Por exemplo, no final e quando Nana está com um rapaz que ela gosta (e a atração mútua parece ocorrer, talvez o amor), a conversa não é ouvida por nós, mas só compreendemos na tela através das legendas. Eles estão se comunicando silenciosamente talvez, como os amantes fazem.

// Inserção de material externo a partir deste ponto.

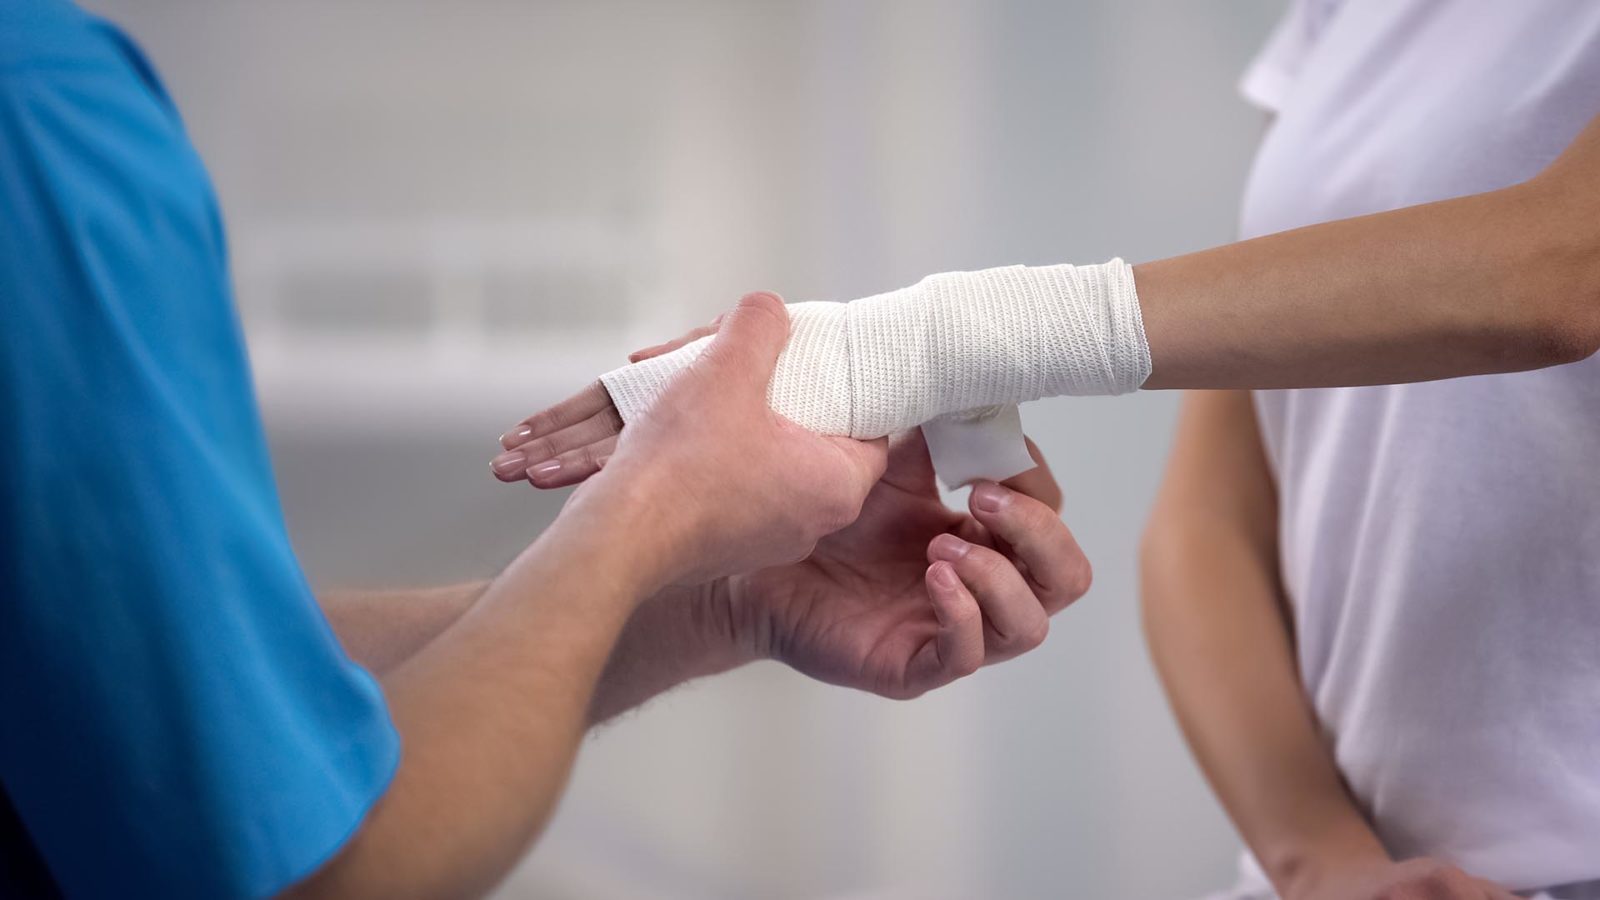 wrapping wrist injury with bandage

Há uma longa cena em que ela discute o significado da linguagem com um homem velho, um filósofo (interpretado pelo ex-professor de filosofia de Godard). Embora esta seja aparentemente bastante profunda, eu não encontrei os argumentos quase tão profundos ou rigorosos como no filme posterior de Godard, Duas ou Três Coisas Que Eu Sei Dela (2 ou 3 choses que je sais d'elle, 1967). A prostituição não é usado aqui, tal como é em 2 ou 3 choses..., como uma metáfora política. Susan Sontag, em sua coleção de ensaios intitulada Against Interpretation, sugere que é "a metáfora mais radical para a separar dos elementos de uma vida - como um campo de testes, um cadinho para o estudo do que é essencial e o que é supérfluo em uma vida." Ela vê Nana como tendo que se alinear de sua antiga identidade e assumir sua nova identidade - a de uma prostituta.

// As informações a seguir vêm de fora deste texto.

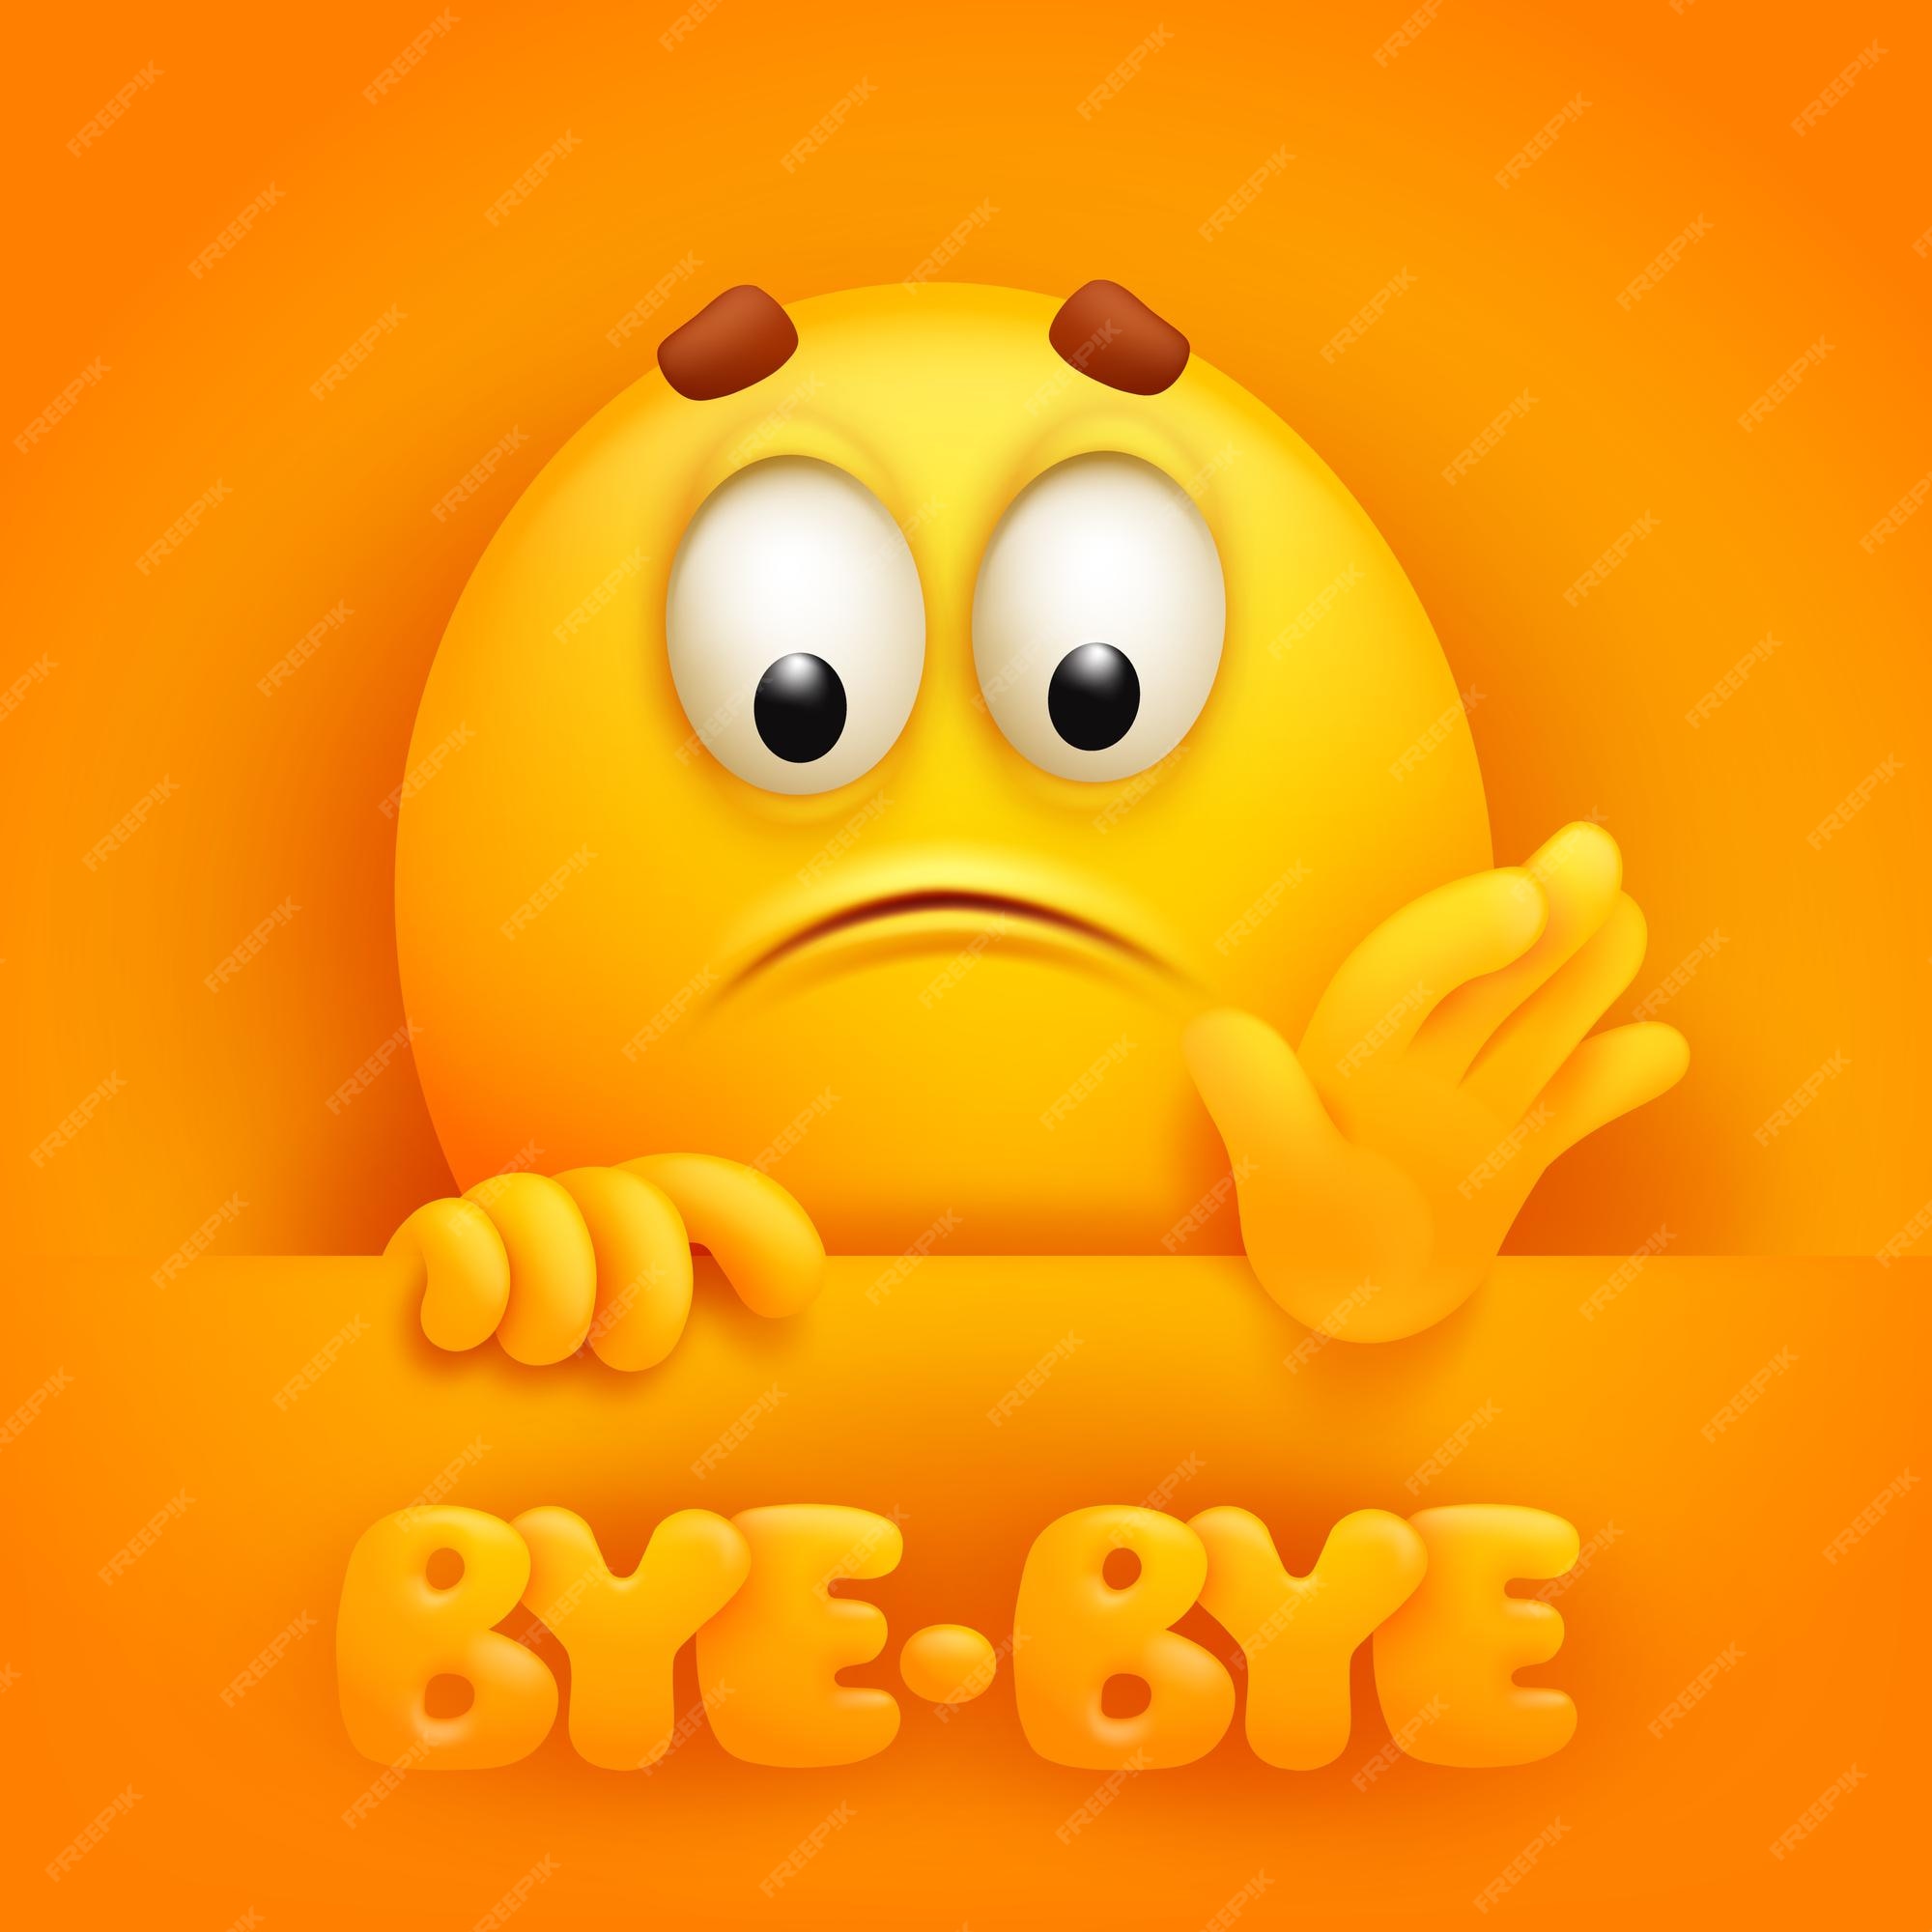 Bye-bye. cute emoji cartoon character on yellow backround. | Download on  Freepik

Como o filme não chegou ao seu atipicamente final-abrupto godardiano, eu me perguntava por um minuto que fosse tão grande como algumas pessoas afirmam frequentemente. Minha mente vagou para filmes como Ano Passado em Marienbad (L'Année dernière à Marienbad, 1961), e Jules e Jim - Uma Mulher para Dois (Jules et Jim, 1962), ambos feitos na mesma época e que deixaram uma impressão muito profunda em mim. Mas só por um minuto.

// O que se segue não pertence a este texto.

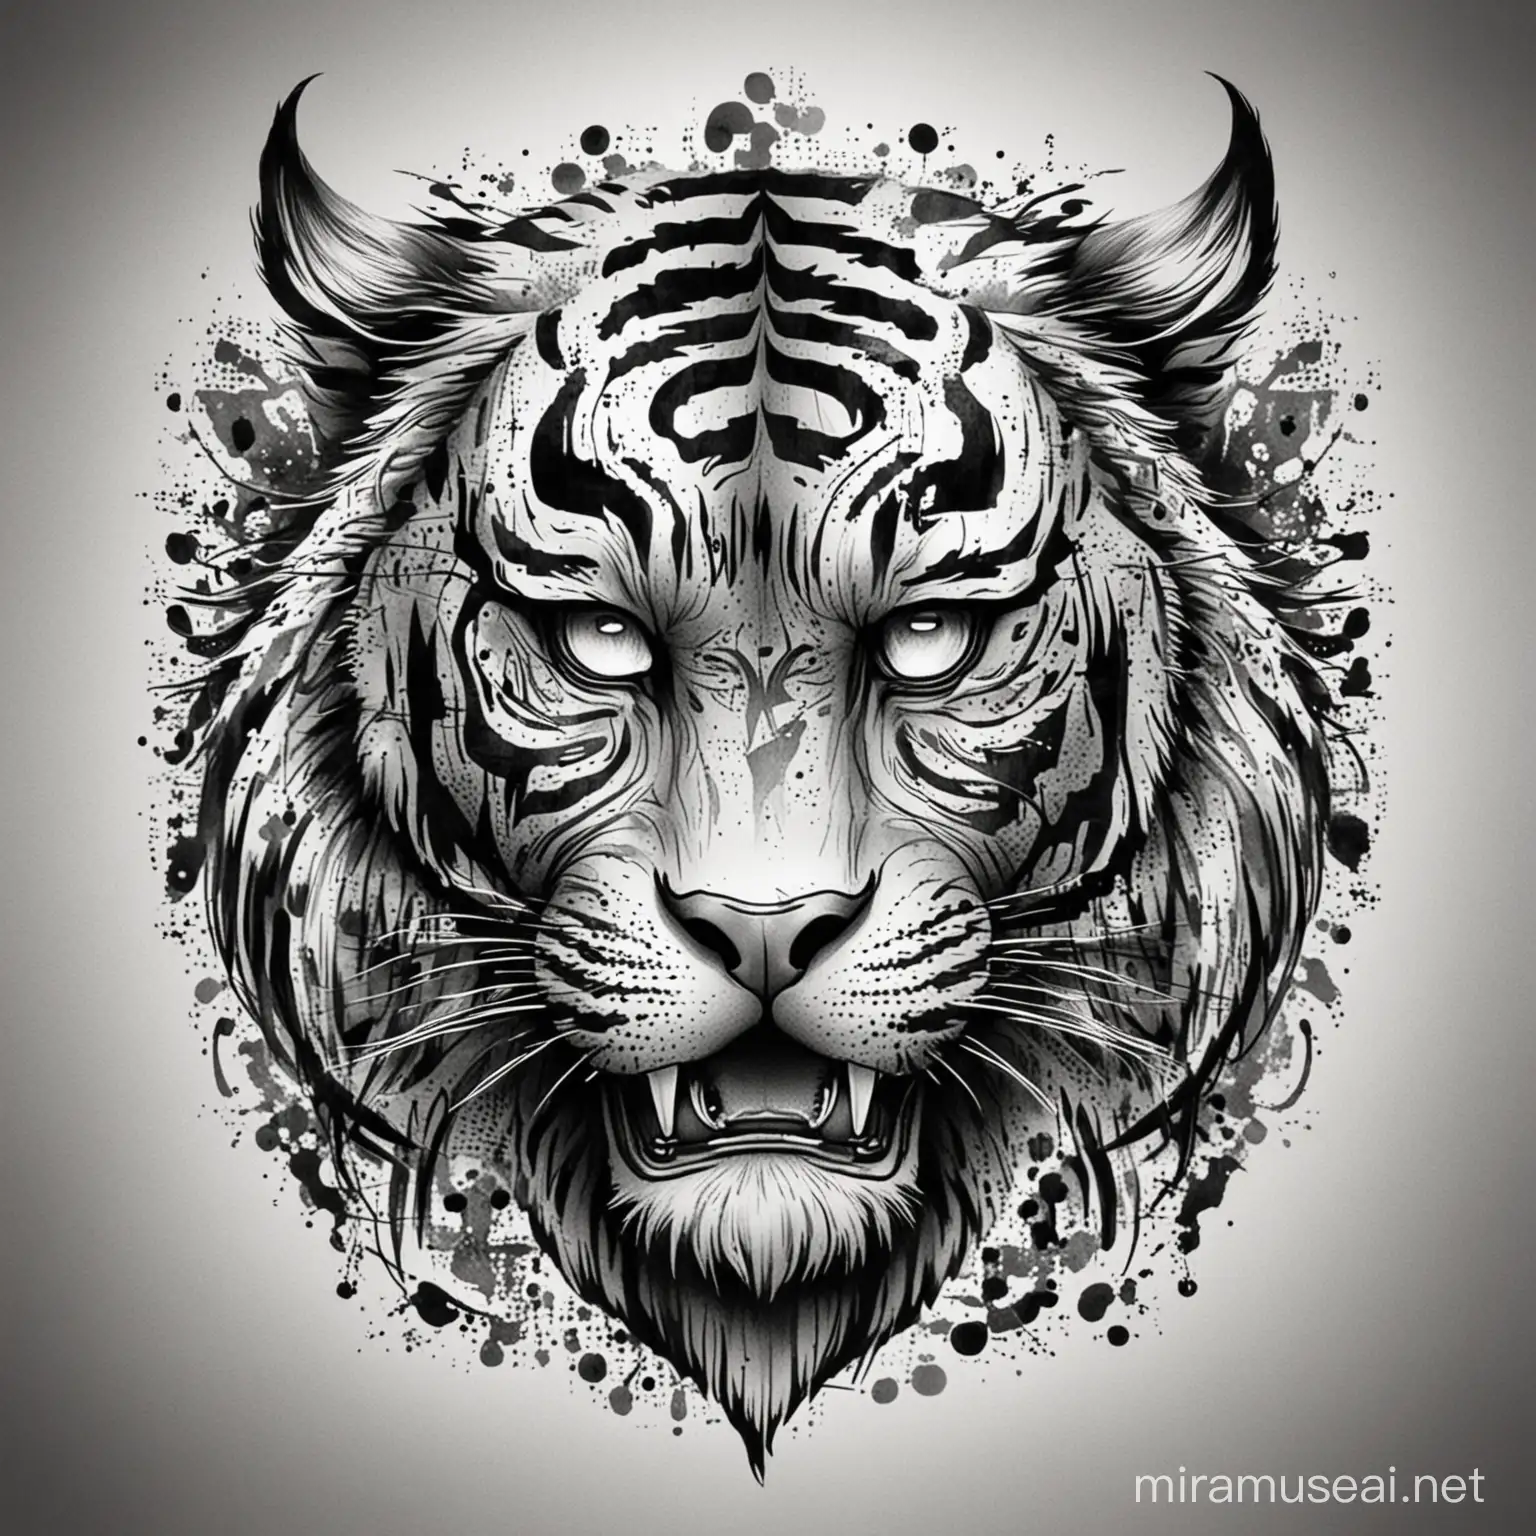 Comics Style Black and White Tiger Head Tattoo

Vivre Sa Vie é diferente, uma vez mais, a qualquer outra obra de Godard. Mas é enganosamente despretensioso, e um pedaço notavelmente sólido de trabalho para toda a sua sensação de transitoriedade (Godard faz comparação do cinema a um trem em vez da estação). Ele também pode ser visto como uma carta de amor de Godard a sua esposa, a lindamente fotografada Anna Karina.
Parabéns pelo texto Stephanie.
Bem pessoal e de uma pessoa que demonstra ter uma certa vivência com as artes.
Você poderia abrir o seu perfil pra podermos acessar outros textos seus.